Uitspraak
RECHTBANK MIDDEN-NEDERLAND
1.[gedaagde sub 1] ,
[gedaagde sub 2],
[gedaagde sub 3],
[gedaagde sub 4],
Rechtbank Midden-Nederland
In deze zaak heeft de Rechtbank Midden-Nederland op 27 juli 2018 een vonnis gewezen in kort geding, waarin de eiseres, een vereniging, vorderingen heeft ingesteld tegen een aantal gedaagden die zich als interim bestuur van de vereniging hebben gepresenteerd. De eiseres stelt dat de gedaagden zich ten onrechte als bestuurders voordoen, terwijl het legitieme bestuur op 27 maart 2018 is gekozen.

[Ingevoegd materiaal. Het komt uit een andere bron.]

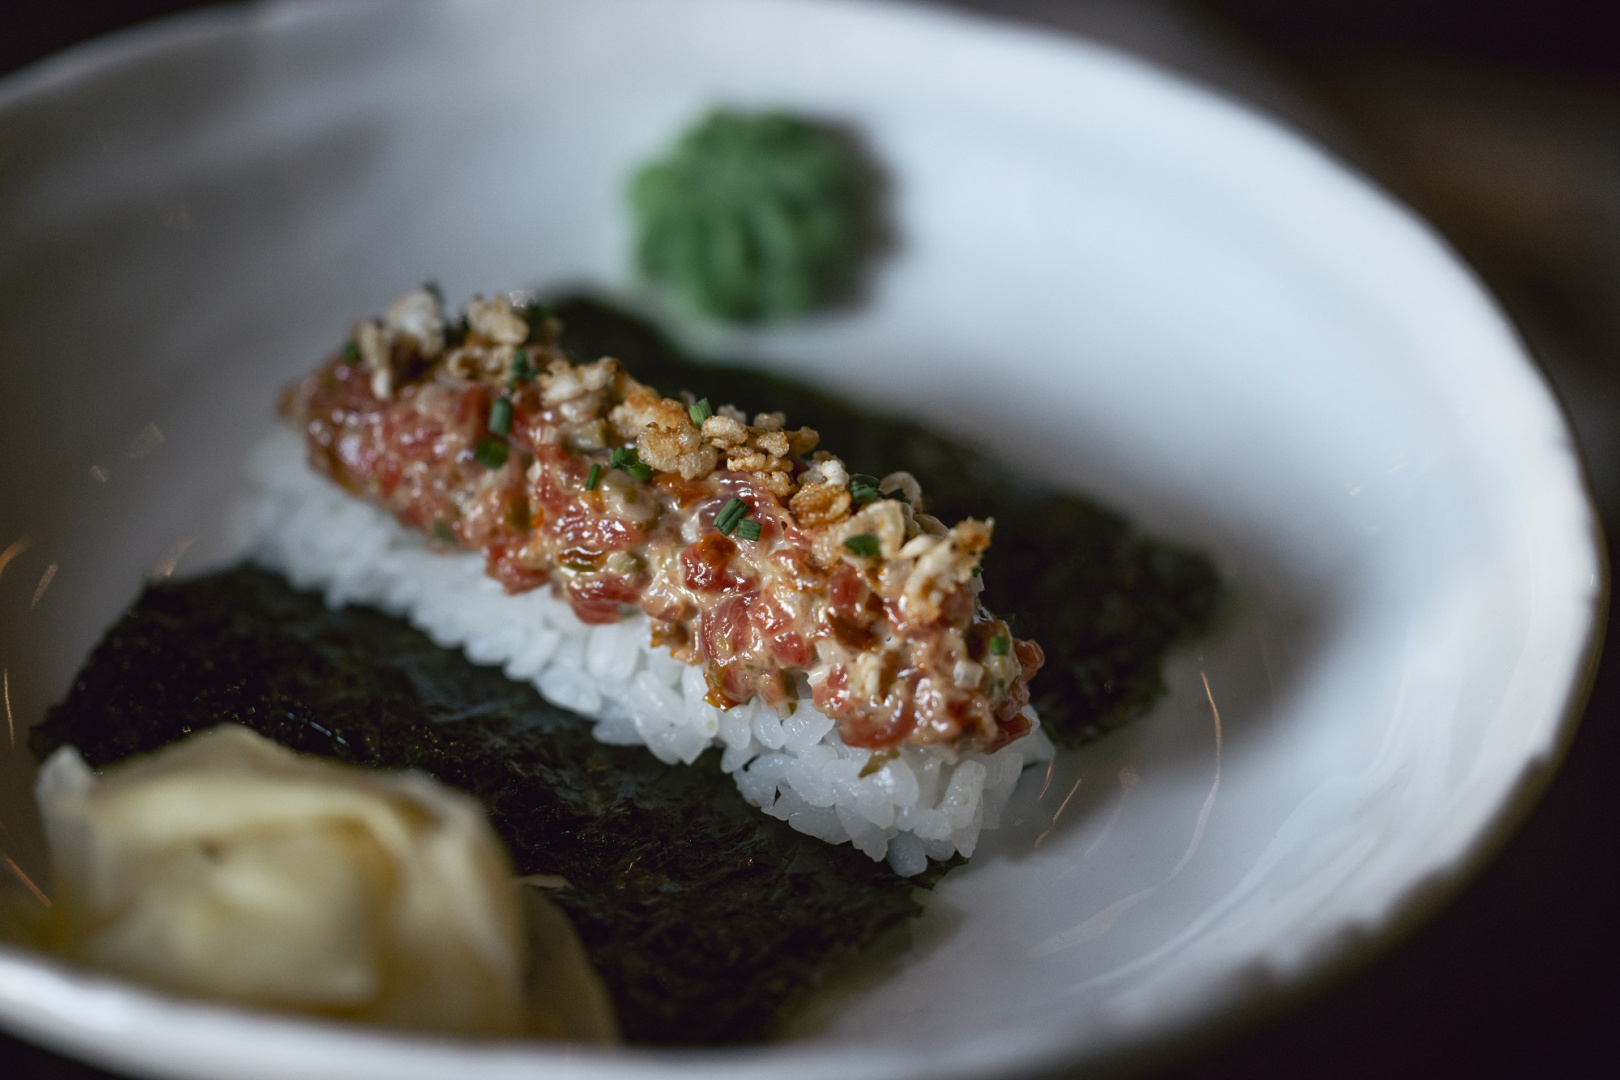 Роти, кальби и кимчи: меню с азиатским акцентом в ресторане Saiko - фотография № 9

De gedaagden hebben op 29 juni 2018 een bijeenkomst gehouden, waar zij zichzelf als interim bestuur hebben benoemd, maar de eiseres betwist de rechtsgeldigheid van deze bijeenkomst en de besluiten die daar zijn genomen.
De rechtbank heeft vastgesteld dat de gedaagden sub 1 tot en met 3 met onmiddellijke ingang moeten worden verboden zich voor te doen als bestuur van de vereniging. De voorzieningenrechter oordeelt dat de verkiezing van het bestuur op 27 maart 2018 niet in overeenstemming met de statuten heeft plaatsgevonden, en dat de gedaagden niet als bestuurders kunnen worden aangemerkt. De vorderingen van de eiseres om de inschrijving van het legitieme bestuur bij de Kamer van Koophandel te herstellen en de machtigingen bij de bank te herstellen zijn grotendeels toegewezen. De gedaagden zijn hoofdelijk veroordeeld tot het betalen van een dwangsom voor elke dag dat zij in strijd met het vonnis handelen.
De uitspraak benadrukt het belang van de statutaire procedures binnen verenigingen en de rechtsgeldigheid van bestuursverkiezingen. De rechter heeft de proceskosten gecompenseerd, waarbij iedere partij de eigen kosten draagt. Het vonnis is uitvoerbaar bij voorraad, wat betekent dat de gedaagden onmiddellijk aan de uitspraak moeten voldoen, ongeacht eventuele hoger beroep procedures.